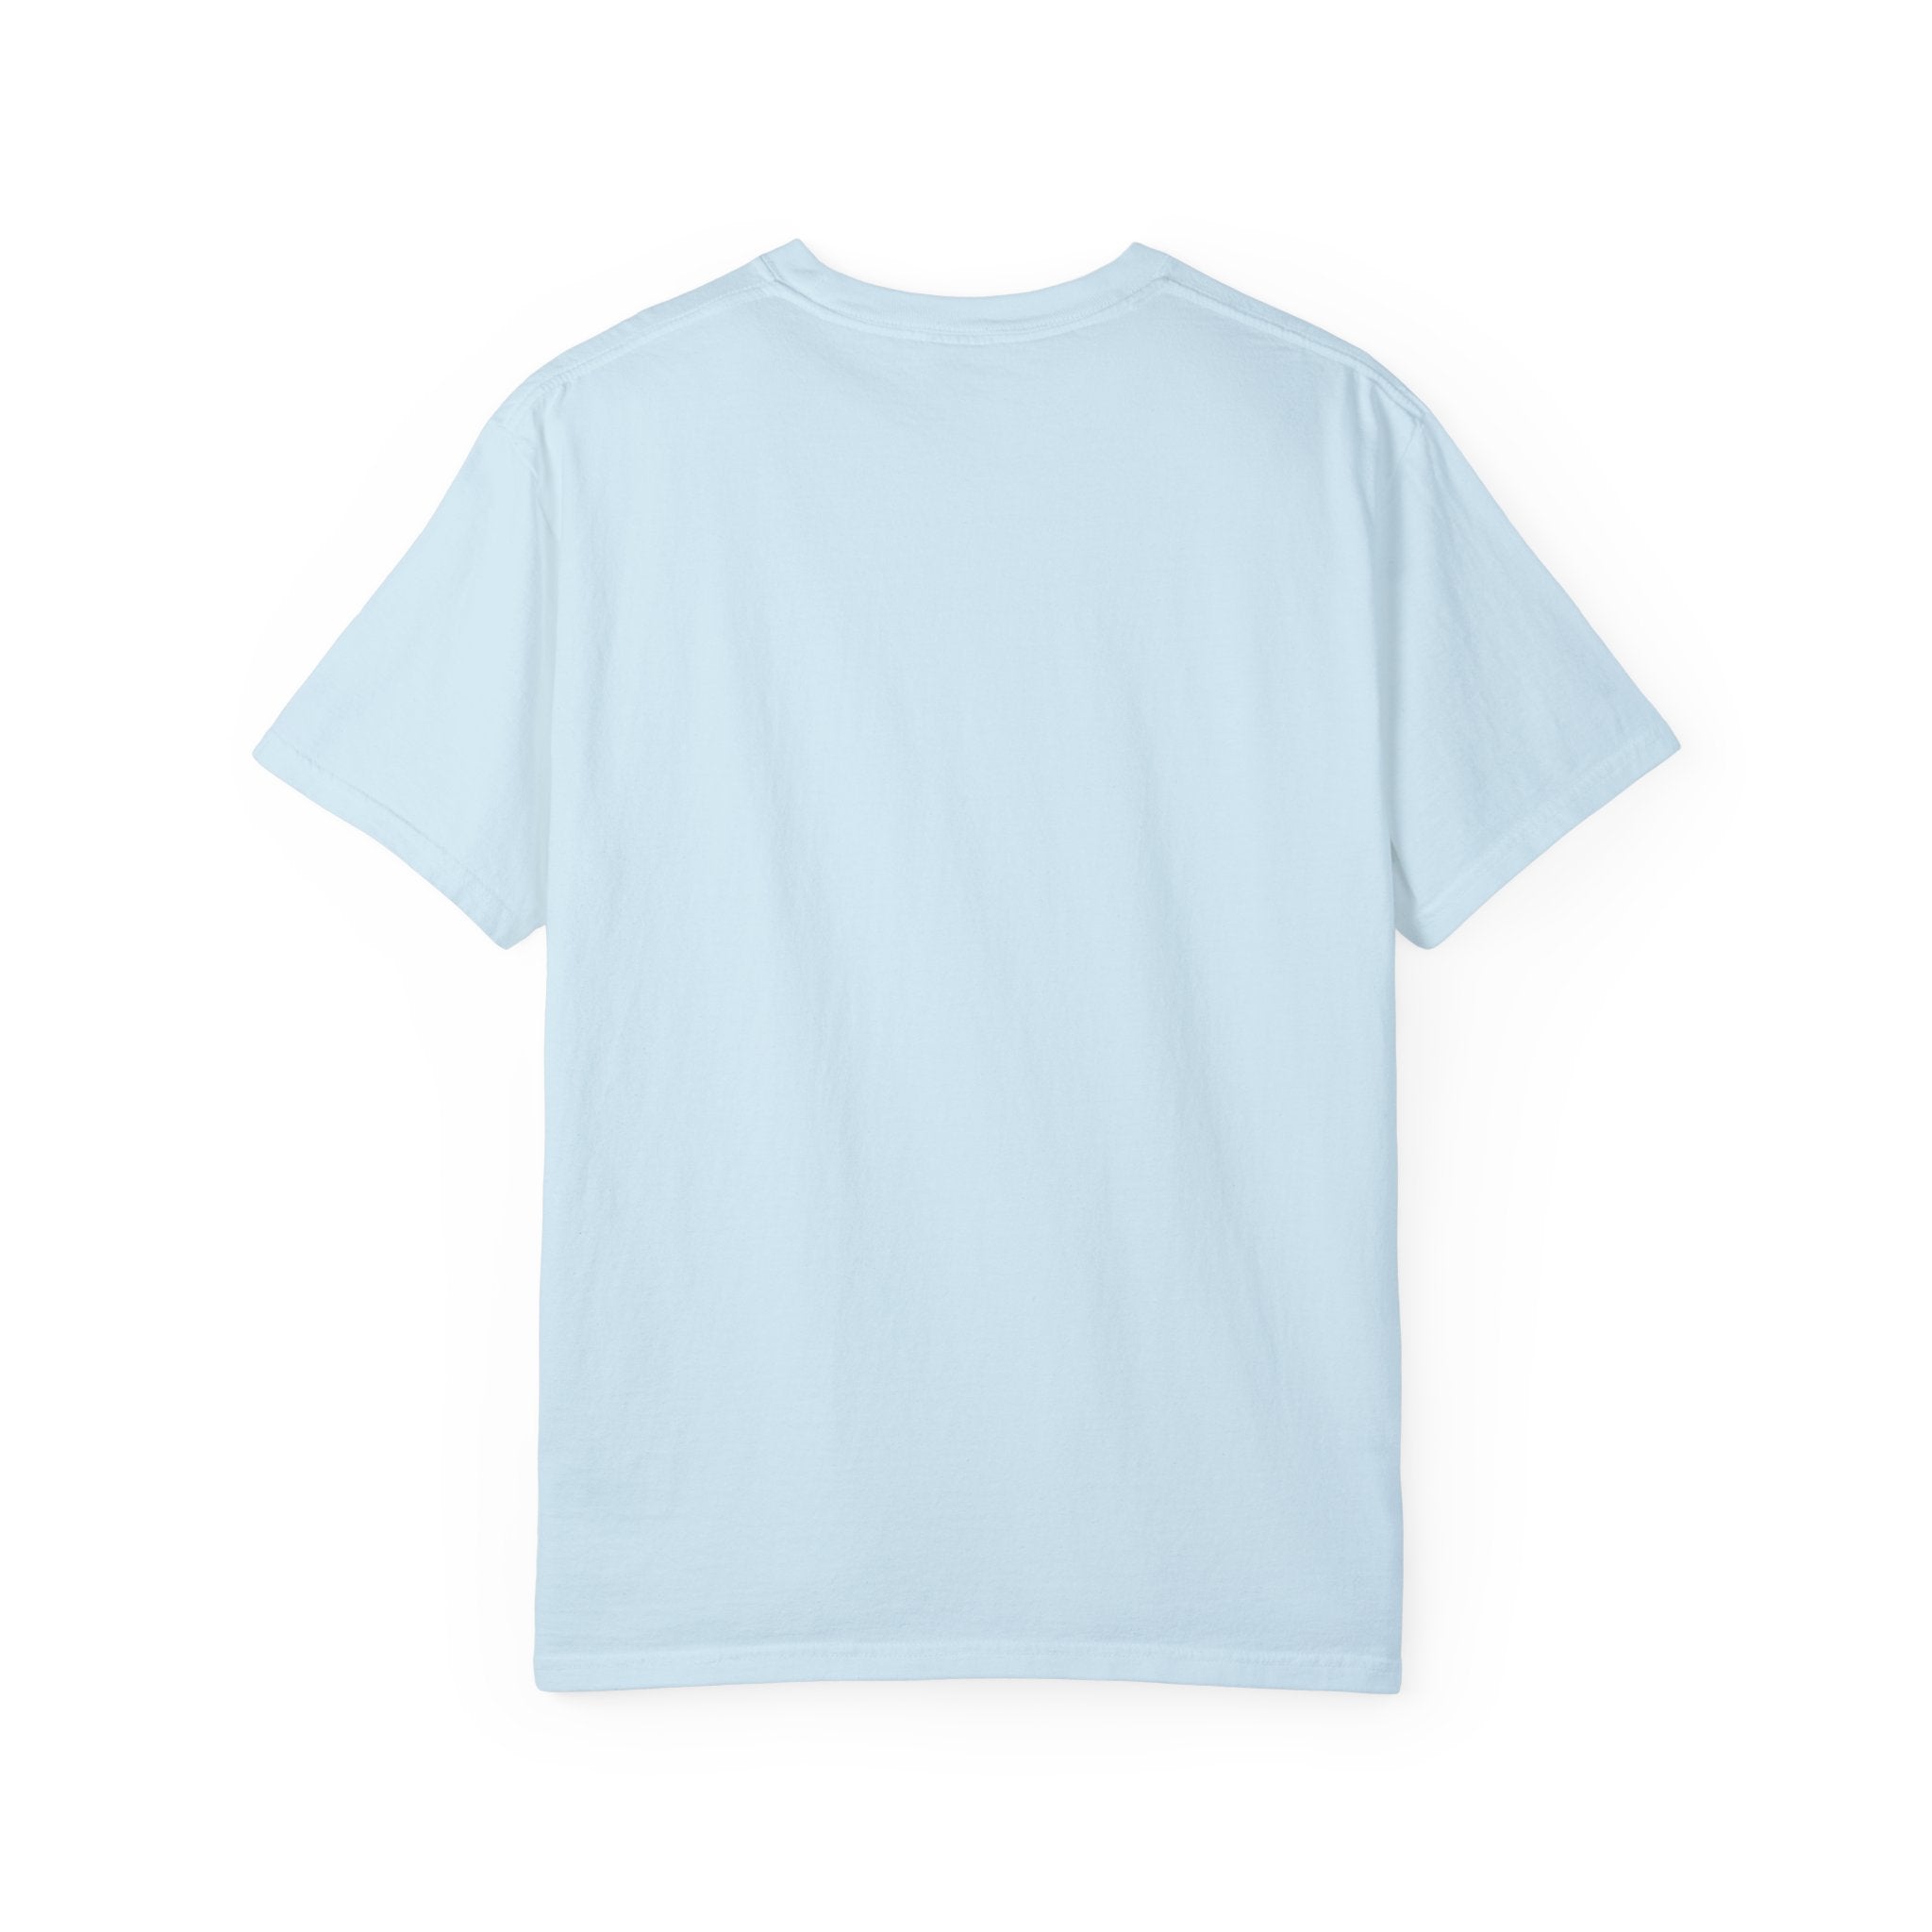 Love Wins All Unisex Garment-Dyed T-shirt
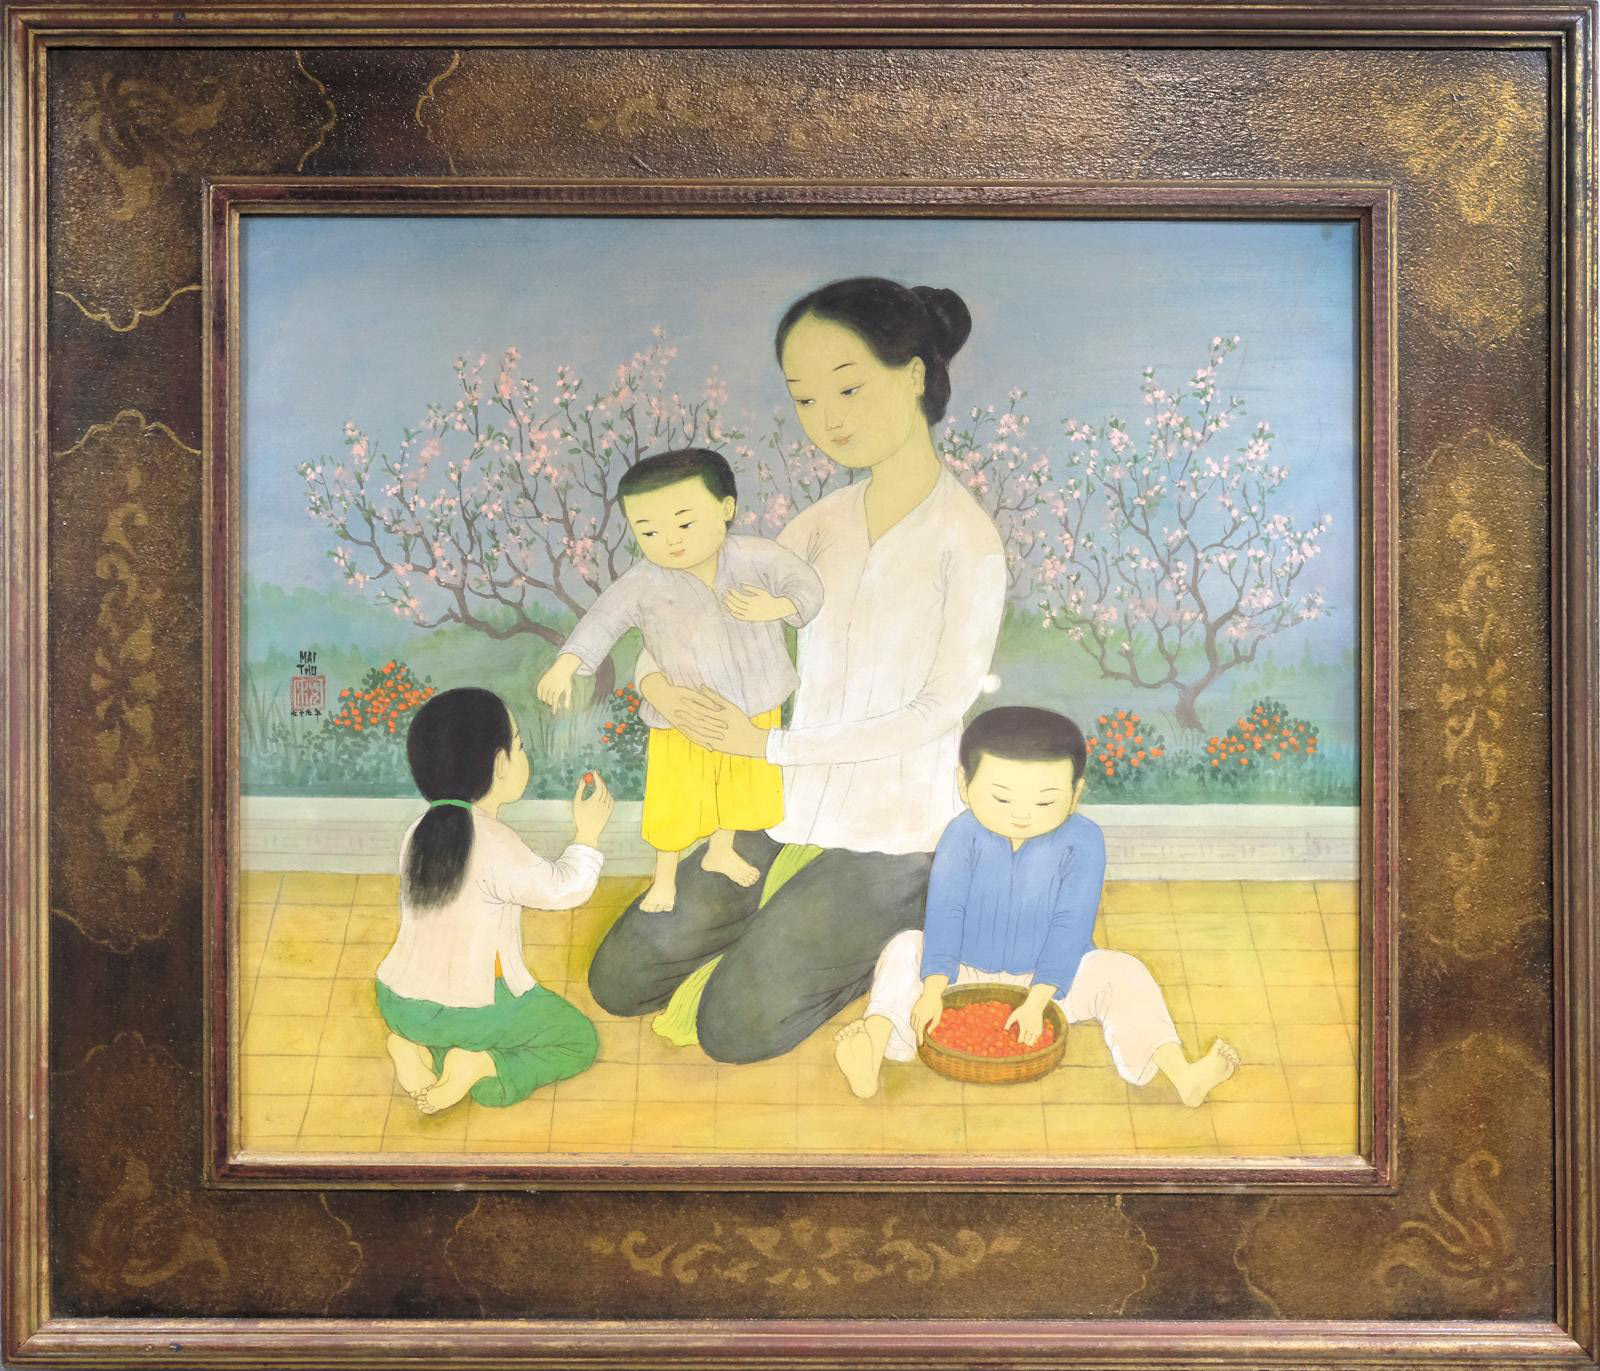 Maternal Love According to Mai-Thu
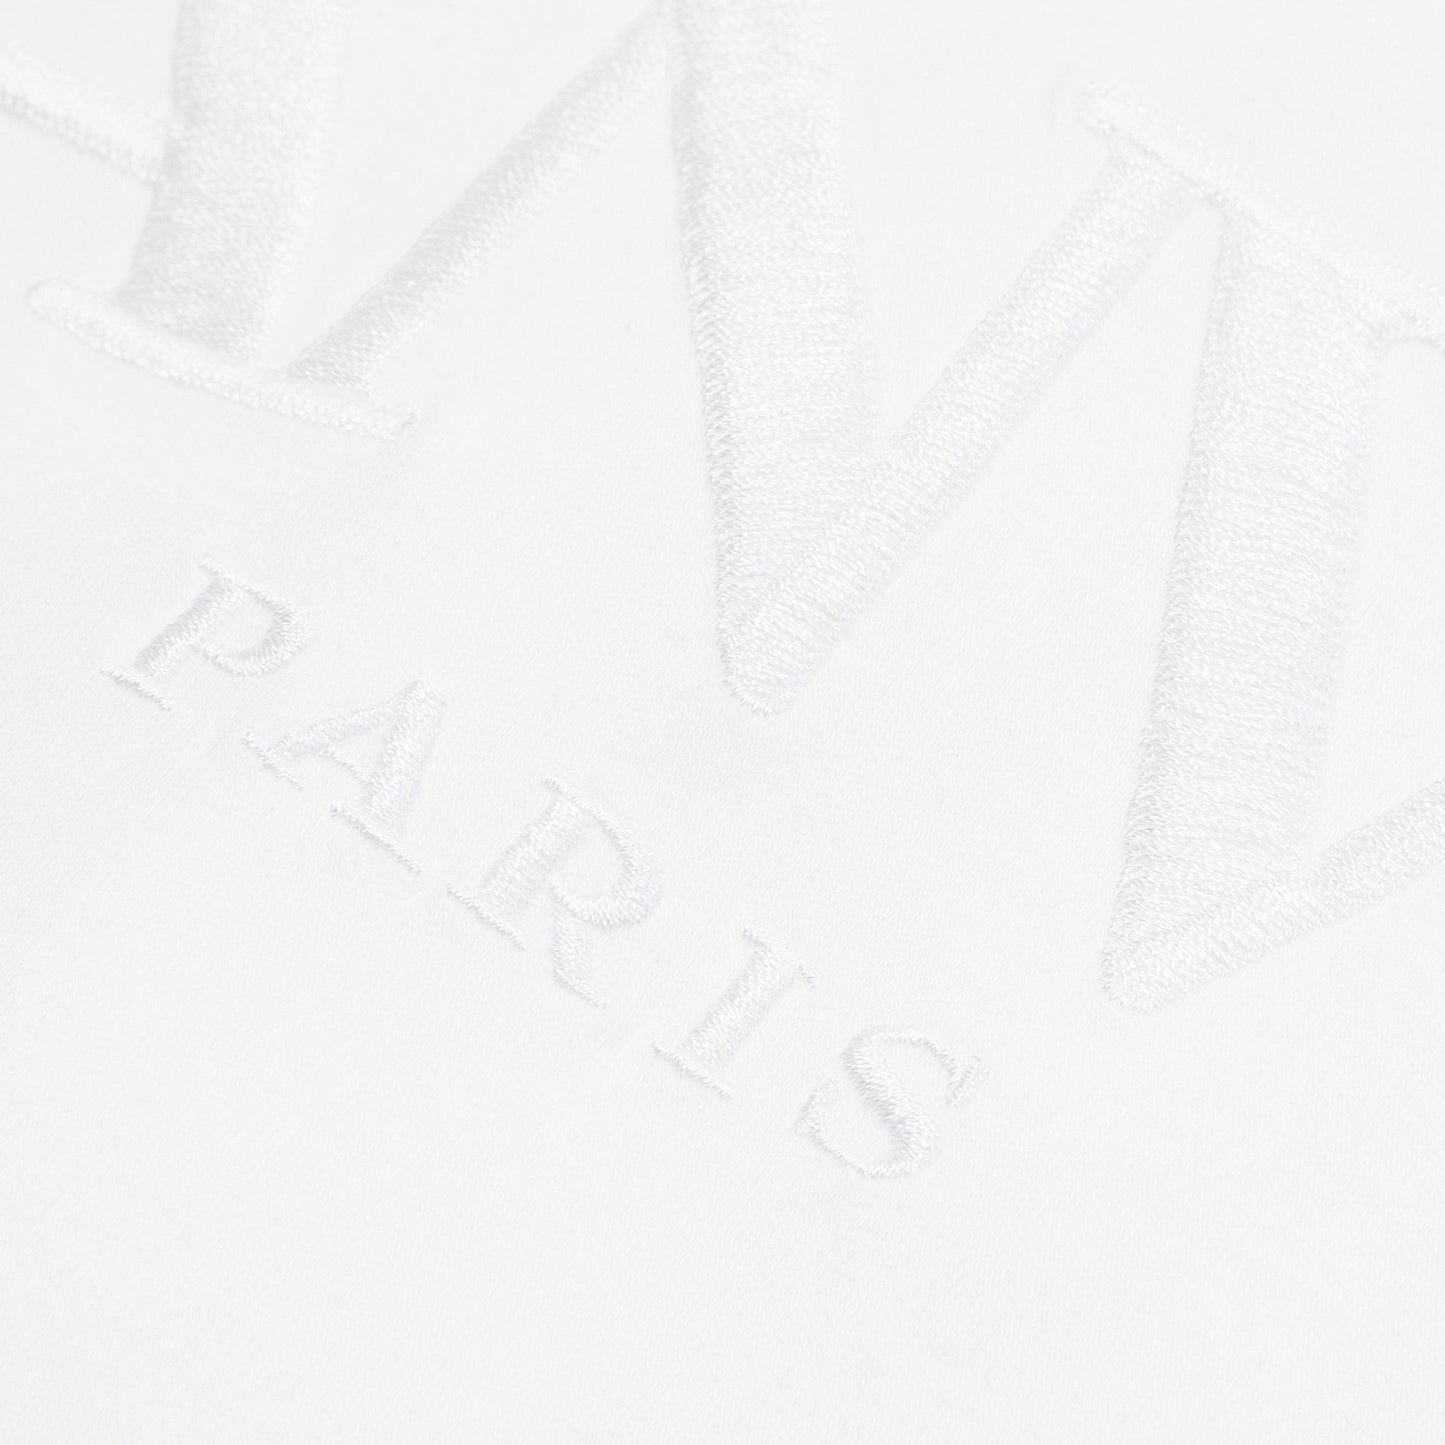 Lanvin Paris Classic T-Shirt (Optic White)

════════════════

▶ **Assigned task**
Once the pictures are removed, copy the material above exactly.

▶ **Answer to the problem**
 Love Wins All Unisex Garment-Dyed T-shirt
 Maternal Love According to Mai-Thu
 Lanvin Paris Classic T-Shirt (Optic White)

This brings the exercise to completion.